+++ Dataset excerpts

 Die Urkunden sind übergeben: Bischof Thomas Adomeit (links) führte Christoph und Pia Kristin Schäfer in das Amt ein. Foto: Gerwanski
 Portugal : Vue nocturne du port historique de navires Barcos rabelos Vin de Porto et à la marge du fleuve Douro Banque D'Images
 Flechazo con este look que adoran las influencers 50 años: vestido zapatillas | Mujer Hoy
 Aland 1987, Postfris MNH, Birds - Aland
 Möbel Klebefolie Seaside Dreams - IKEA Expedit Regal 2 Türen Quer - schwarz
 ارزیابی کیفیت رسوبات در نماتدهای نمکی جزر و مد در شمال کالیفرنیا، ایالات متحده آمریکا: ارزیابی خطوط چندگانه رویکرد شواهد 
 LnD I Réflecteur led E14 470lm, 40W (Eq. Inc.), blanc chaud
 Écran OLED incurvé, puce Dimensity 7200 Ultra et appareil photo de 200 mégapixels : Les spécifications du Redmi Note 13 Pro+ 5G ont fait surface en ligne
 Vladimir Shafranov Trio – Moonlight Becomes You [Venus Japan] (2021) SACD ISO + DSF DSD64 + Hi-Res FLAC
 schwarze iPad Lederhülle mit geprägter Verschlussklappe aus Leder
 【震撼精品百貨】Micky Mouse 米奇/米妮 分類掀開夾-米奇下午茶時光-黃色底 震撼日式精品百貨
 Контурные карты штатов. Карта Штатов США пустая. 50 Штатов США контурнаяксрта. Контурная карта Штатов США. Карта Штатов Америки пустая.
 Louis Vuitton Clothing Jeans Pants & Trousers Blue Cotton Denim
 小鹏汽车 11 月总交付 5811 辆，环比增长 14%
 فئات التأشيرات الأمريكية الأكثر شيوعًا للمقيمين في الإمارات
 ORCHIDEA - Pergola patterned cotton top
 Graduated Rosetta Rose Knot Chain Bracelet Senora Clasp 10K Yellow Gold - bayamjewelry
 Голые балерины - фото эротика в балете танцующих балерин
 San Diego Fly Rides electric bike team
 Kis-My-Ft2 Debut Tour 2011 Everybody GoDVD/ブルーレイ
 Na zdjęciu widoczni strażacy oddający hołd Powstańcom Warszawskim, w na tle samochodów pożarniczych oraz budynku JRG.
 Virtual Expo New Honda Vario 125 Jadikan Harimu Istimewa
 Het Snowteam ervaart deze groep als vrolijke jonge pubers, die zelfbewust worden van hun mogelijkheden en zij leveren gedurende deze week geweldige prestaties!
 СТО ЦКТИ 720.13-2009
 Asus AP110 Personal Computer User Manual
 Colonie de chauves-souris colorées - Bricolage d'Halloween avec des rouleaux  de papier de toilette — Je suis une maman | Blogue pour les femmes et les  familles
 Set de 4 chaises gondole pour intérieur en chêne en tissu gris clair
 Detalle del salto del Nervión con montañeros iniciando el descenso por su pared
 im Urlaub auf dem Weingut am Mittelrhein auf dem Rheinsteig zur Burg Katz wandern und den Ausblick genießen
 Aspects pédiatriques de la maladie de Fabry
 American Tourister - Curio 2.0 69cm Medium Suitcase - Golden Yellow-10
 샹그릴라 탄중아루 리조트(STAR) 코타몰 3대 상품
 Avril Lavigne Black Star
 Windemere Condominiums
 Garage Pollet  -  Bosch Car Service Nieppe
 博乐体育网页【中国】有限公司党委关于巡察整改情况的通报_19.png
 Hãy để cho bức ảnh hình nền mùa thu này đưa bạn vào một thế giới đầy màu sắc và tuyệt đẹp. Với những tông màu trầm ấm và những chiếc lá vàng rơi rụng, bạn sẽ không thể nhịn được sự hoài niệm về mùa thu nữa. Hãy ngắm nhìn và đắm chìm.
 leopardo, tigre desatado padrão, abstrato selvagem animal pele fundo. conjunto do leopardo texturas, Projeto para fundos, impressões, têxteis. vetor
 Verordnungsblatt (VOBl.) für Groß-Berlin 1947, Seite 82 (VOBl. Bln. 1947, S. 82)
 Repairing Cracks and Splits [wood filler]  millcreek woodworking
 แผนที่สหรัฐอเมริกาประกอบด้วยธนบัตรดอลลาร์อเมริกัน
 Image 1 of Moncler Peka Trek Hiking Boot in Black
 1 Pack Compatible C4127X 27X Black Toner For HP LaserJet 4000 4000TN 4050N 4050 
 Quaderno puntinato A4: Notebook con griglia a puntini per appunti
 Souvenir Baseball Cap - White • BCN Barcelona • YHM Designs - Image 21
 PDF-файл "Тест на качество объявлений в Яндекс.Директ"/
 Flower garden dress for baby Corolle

++++++

Problem details. Write out, exactly as they appear, the lines from the one containing "на качество объявлений" through the last line of the records above, both included, and nothing more.

Completed task.
 PDF-файл "Тест на качество объявлений в Яндекс.Директ"/
 Flower garden dress for baby Corolle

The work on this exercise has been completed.